Alternatively, inorganic particles having a hydroxyl group on the anodic oxide film are applied on the anodic oxide film to fill the pores of the anodic oxide film. As a coating method, a method such as bar coating, wheeler coating, and curtain coating can be used. When the organometallic compound is used, the unhydrolyzed alkyl group in the organometallic compound, the acid used as the catalyst, the alkali, the solvent, and the like remain in the formed inorganic particles having a hydroxyl group. It exists in a state where it has been done. If this residue is present in a large amount, it is not preferable because it leads to staining during printing. 10 remaining alkyl groups
% Is important. In addition, immersion treatment of an anodized aluminum plate in a solution containing inorganic particles having hydroxyl groups, or application treatment only on an aluminum plate anodized with a solution containing inorganic particles having hydroxyl groups, requires only an anodized film. Cannot be firmly filled in the holes. Therefore, after the filling treatment of the pores of the anodized film, the residue in the inorganic particles containing a hydroxyl group (alkyl group, catalyst, solvent) to improve the stain during printing.
Heat treatment is performed to remove the impurities and to firmly fill the pores of the anodic oxide film. The heat treatment is performed at a temperature of 10 ° C. to 500 ° C. for 10 seconds in the air or under a reduced pressure atmosphere.
2 hours, desirably at a temperature of 10 ° C.-300 ° C. for 10 seconds-3
0 minutes is appropriate.

Thereafter, after the immersion treatment or the coating treatment, the film formed from the inorganic particles having a hydroxyl group adheres not only in the pores of the anodic oxide film but also outside the pores (surface) of the anodic oxide film. This film has insufficient hardness and WBL (Weak Baundary Layer) between the photosensitive layer and the anodic oxide film
If necessary, the film formed from inorganic particles having hydroxyl groups outside the pores (surface) of the anodized film is subjected to chemical treatment by immersion in acid, alkali, etc.
After the removal, a water washing process is performed. Acid used for dissolution / removal
Any alkali can be used as long as it can dissolve a film formed from inorganic particles having a hydroxyl group. For example, sulfuric acid,
Nitric acid, potassium hydroxide, sodium hydroxide, potassium carbonate, potassium bicarbonate and the like are used. The concentration is 1-80
% By weight, the liquid temperature is preferably 1-80 ° C., and the immersion time is preferably 10 seconds-1 hour. Under these conditions, the inorganic particles having hydroxyl groups filled in the pores of the anodic oxide film are hardly removed.
Further, the formation of the inorganic particles having a hydroxyl group can be carried out in the pores of the anodic oxide film.
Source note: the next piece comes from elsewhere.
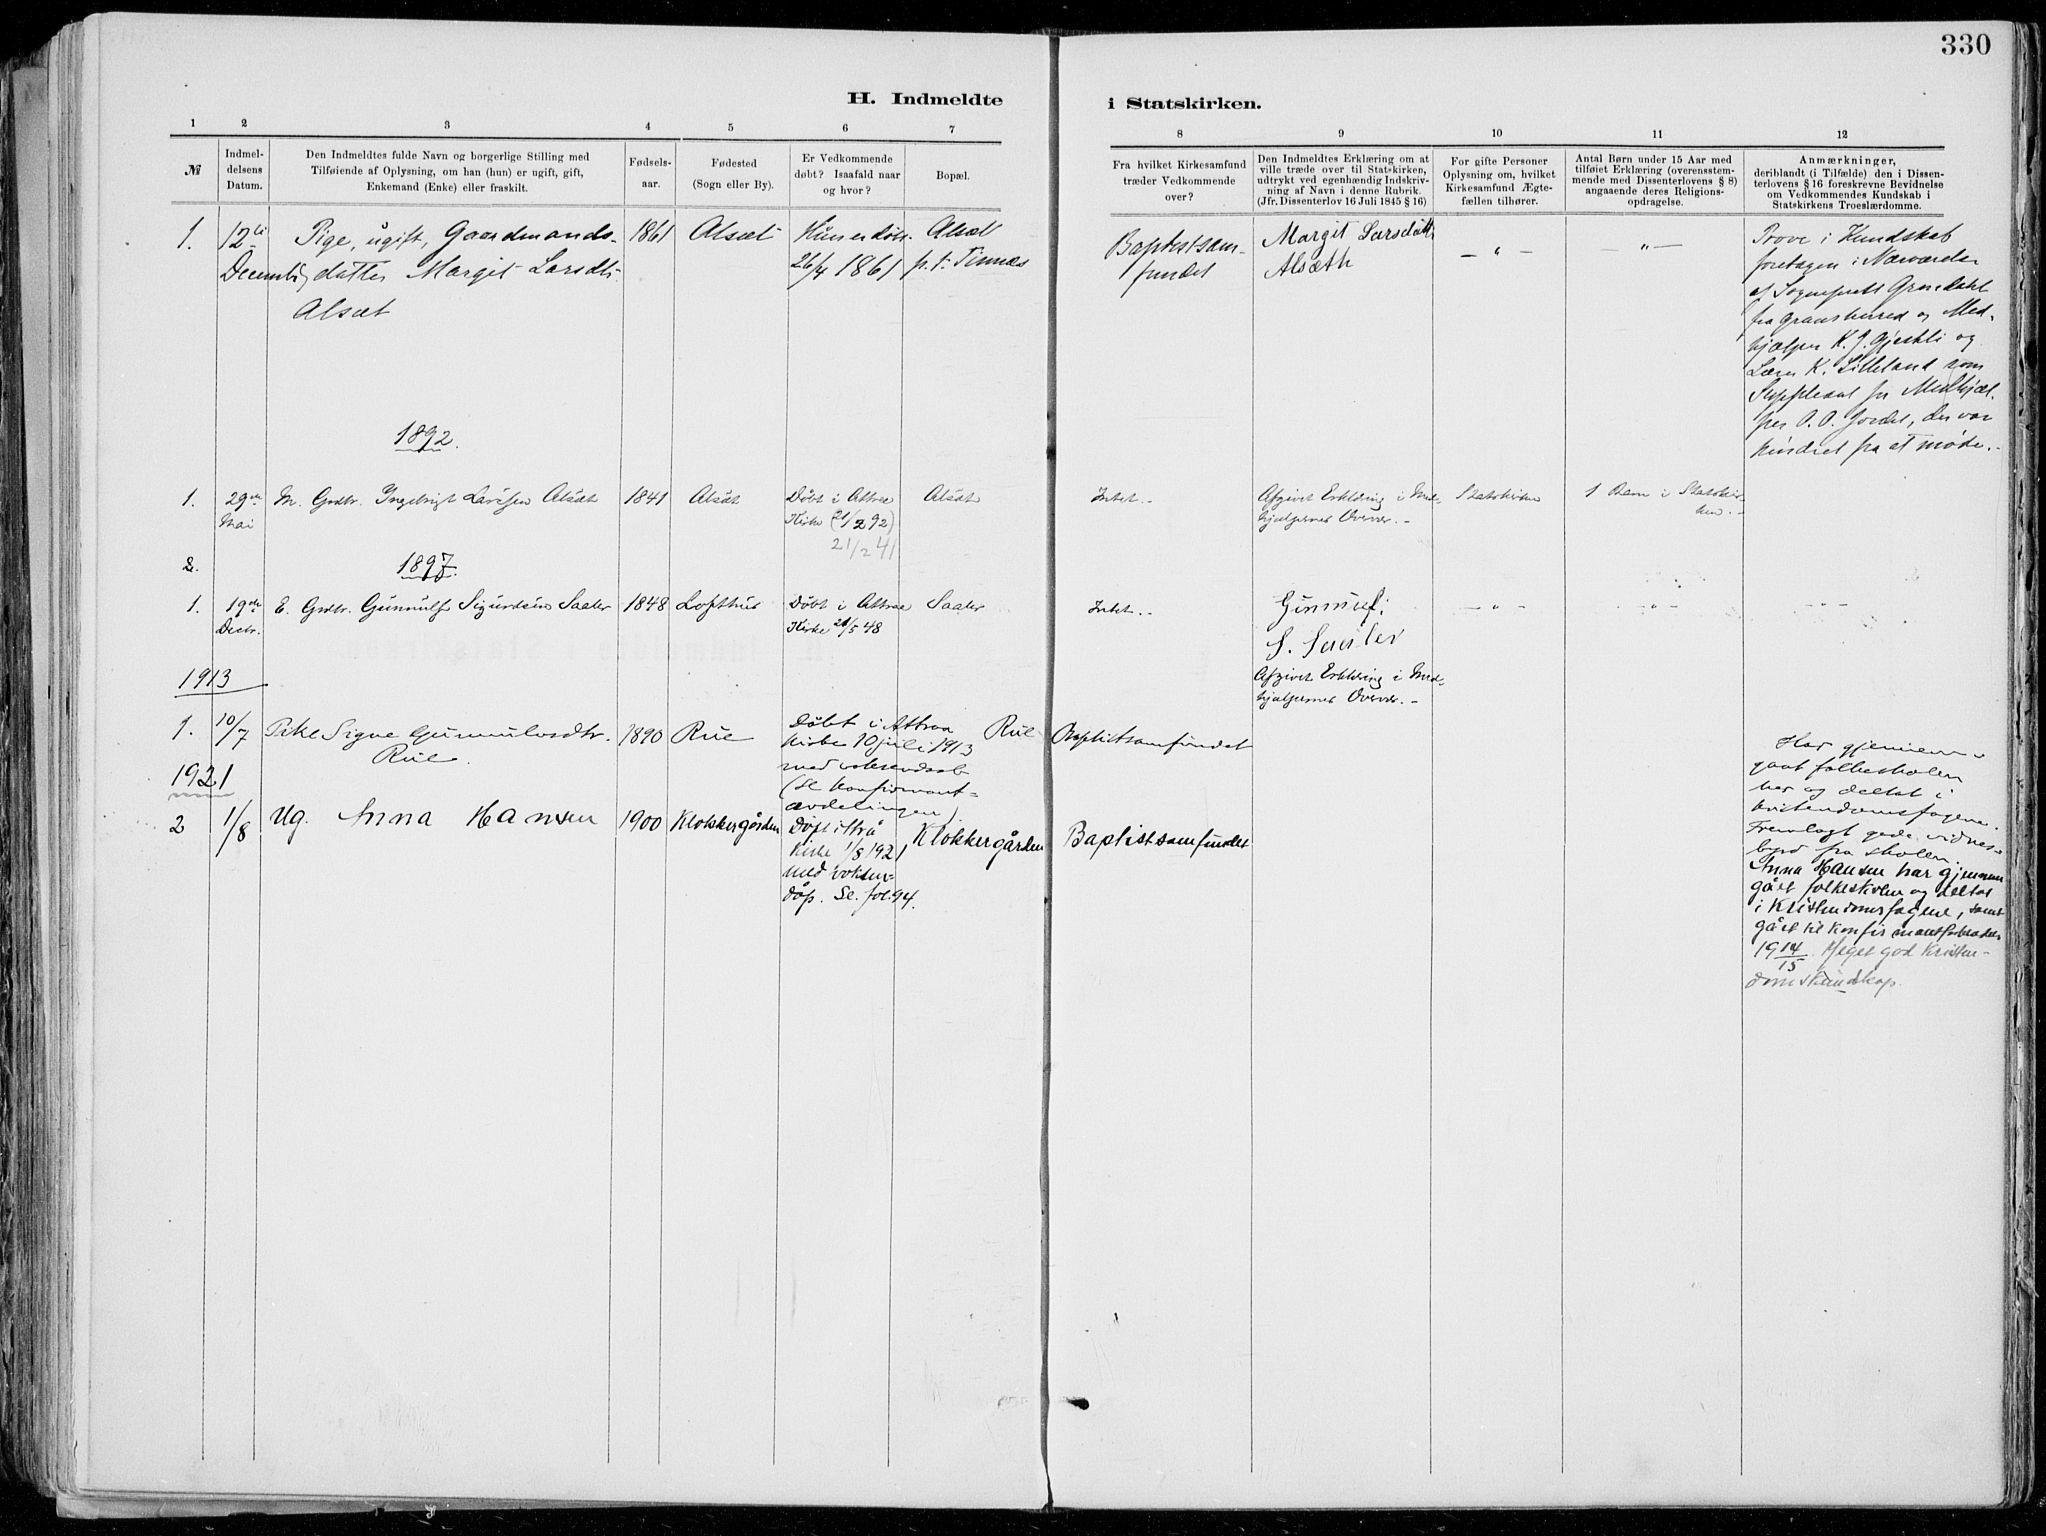 SAKO, Tinn kirkebøker, F/Fa/L0007: Ministerialbok nr. I 7, 1878-1922, s. 330

(2) An aluminum plate anodically oxidized in a solution containing inorganic particles having a hydroxyl group is used as one electrode to perform filling by electrolysis. In this case, an inorganic salt such as chromic acid, phosphoric acid, sulfuric acid or nitric acid, an organic acid such as acetic acid or maleic acid, or a surfactant is added to the treatment liquid to improve the stability of the inorganic particles in the solution. Can be.
Electrolysis conditions vary depending on the type of inorganic particles used,
The current density is 0.5-100 A / dm ² , and the processing temperature is 5-
90 ° C., treatment time is 1 second-1 hour. After filling by electrolysis, if necessary, heat treatment may be performed in the same manner as in (1) to perform immersion treatment in acid or alkali. <Hydrophilic layer> The surface of aluminum filled with such a hydrophilic compound in the pores of the anodic oxide film is described in JP-A-60-149949, JP-A-60-232998, and JP-A-62-1.
A hydrophilic layer as described in JP-A-9494 can be provided.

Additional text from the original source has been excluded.